How to set offset with matplotlib

I'm trying to remove the offset that matplotlib automatically put on my graphs. For example, with the following code:
x=np.array([1., 2., 3.])
y=2.*x*1.e7
MyFig = plt.figure()
MyAx = MyFig.add_subplot(111)
MyAx.plot(x,y)
I obtain the following result (sorry, I cannot post image): the y-axis have the ticks 2, 2.5, 3, ..., 6, with a unique "x10^7" at the top of the y axis.
I would like to remove the "x10^7" from the top of the axis, and making it appearing with each tick (2x10^7, 2.5x10^7, etc...). If I understood well what I saw in other topics, I have to play with the use_Offset variable. So I tried the following thing:
MyFormatter = MyAx.axes.yaxis.get_major_formatter()
MyFormatter.useOffset(False)
MyAx.axes.yaxis.set_major_formatter(MyFormatter)
without any success (result unchanged).
Am I doing something wrong? How can I change this behaviour? Or have I to manually set the ticks ?
Thanks by advance for any help !
You can use the FuncFormatter from the ticker module to format the ticklabels as you please:
import matplotlib.pyplot as plt
import numpy as np
from matplotlib.ticker import FuncFormatter
x=np.array([1., 2., 3.])
y=2.*x*1.e7
MyFig = plt.figure()
MyAx = MyFig.add_subplot(111)
def sci_notation(x, pos):
return "${:.1f} \\times 10^{{6}}$".format(x / 1.e7)
MyFormatter = FuncFormatter(sci_notation)

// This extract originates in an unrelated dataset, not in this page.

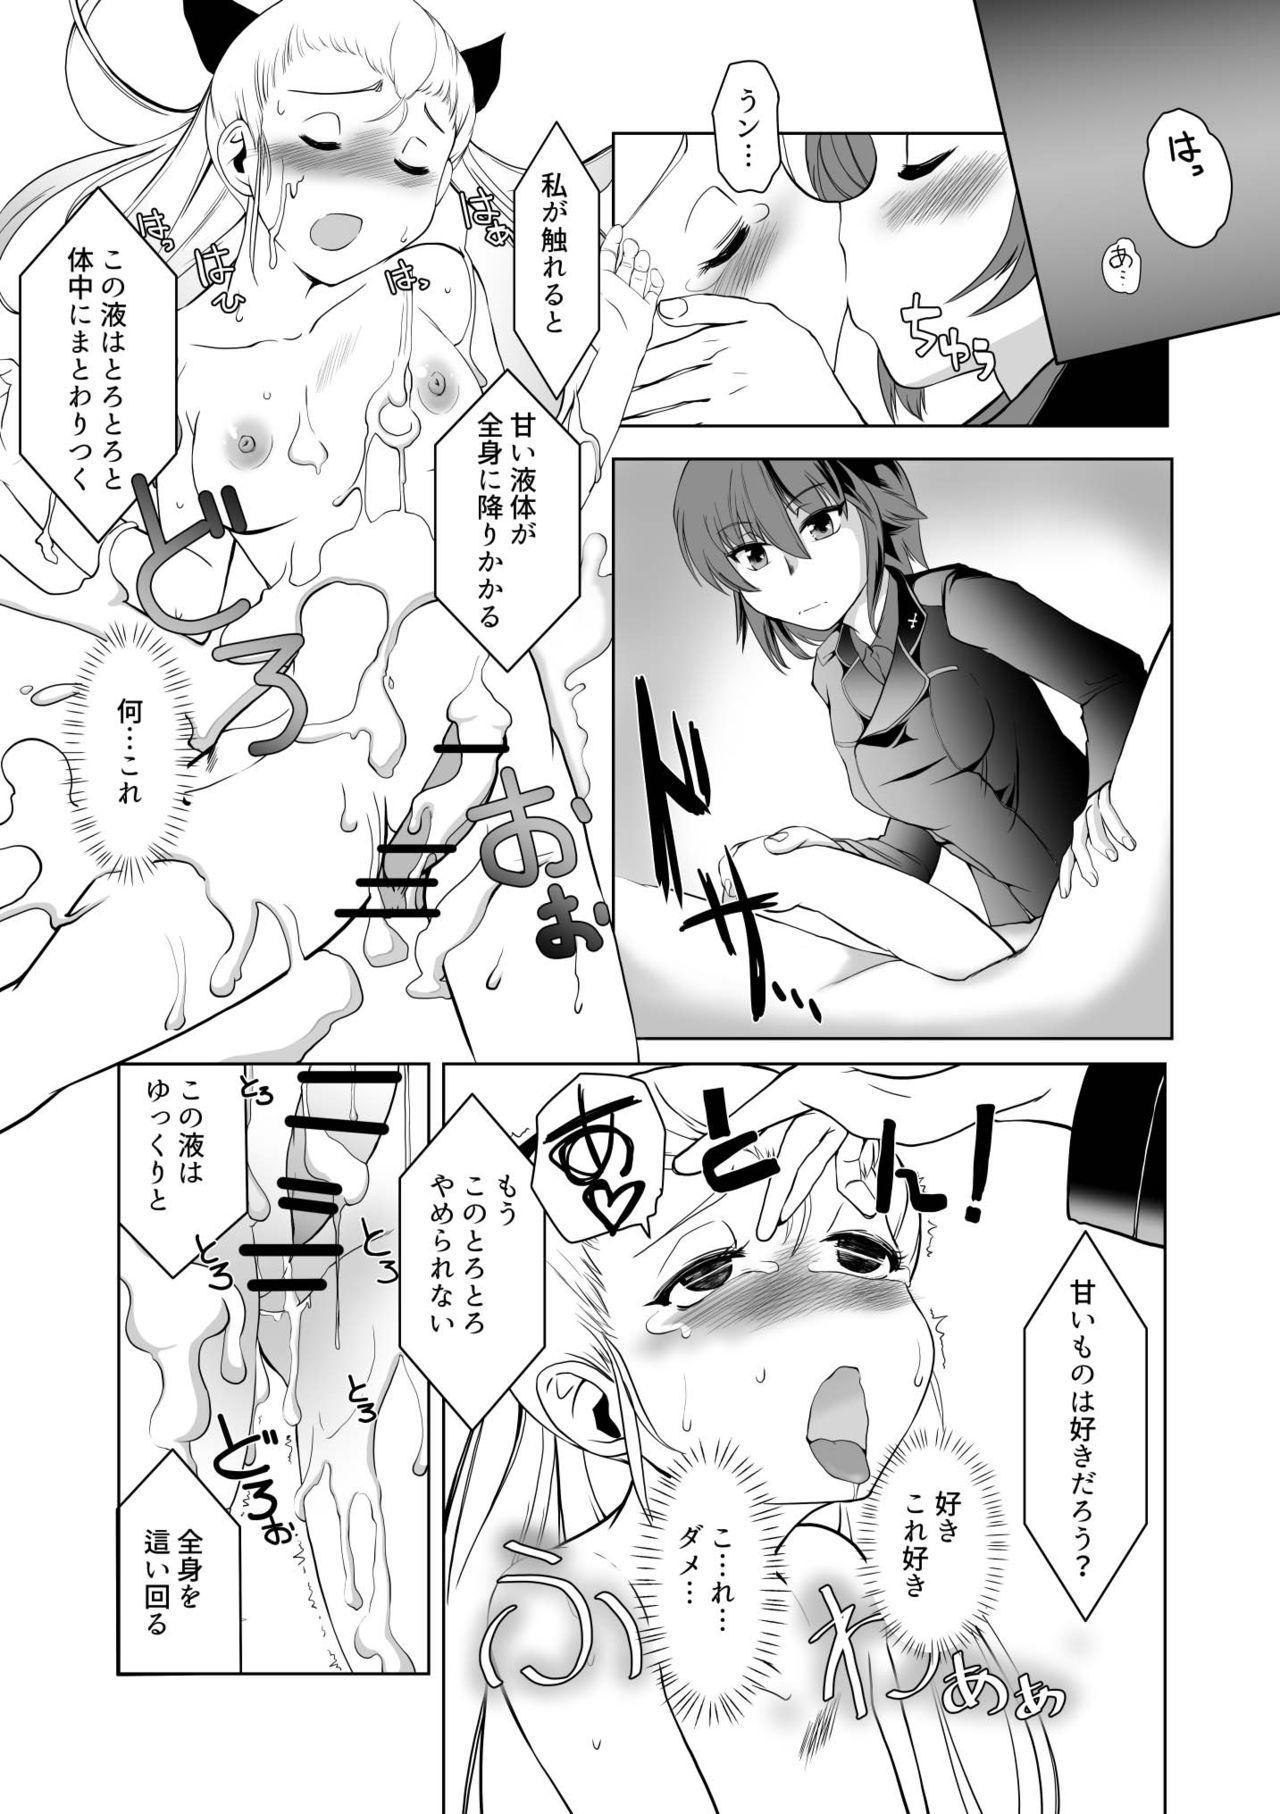 Seijo Kanraku Kuroi Mori no Shibo Sei Jinmon 11

MyAx.axes.yaxis.set_major_formatter(MyFormatter)
MyAx.plot(x,y)
plt.show()
On a side note; the "x10^7" value that appears at the top of your axis is not an offset, but a factor used in scientific notation. This behavior can be disabled by calling MyFormatter.use_scientific(False). Numbers will then be displayed as decimals.
An offset is a value you have to add (or subtract) to the tickvalues rather than multiply with, as the latter is a scale.
For reference, the line
MyFormatter.useOffset(False)
should be
MyFormatter.set_useOffset(False)
as the first one is a bool (can only have the values True or False), which means it can not be called as a method. The latter is the method used to enable/disable the offset.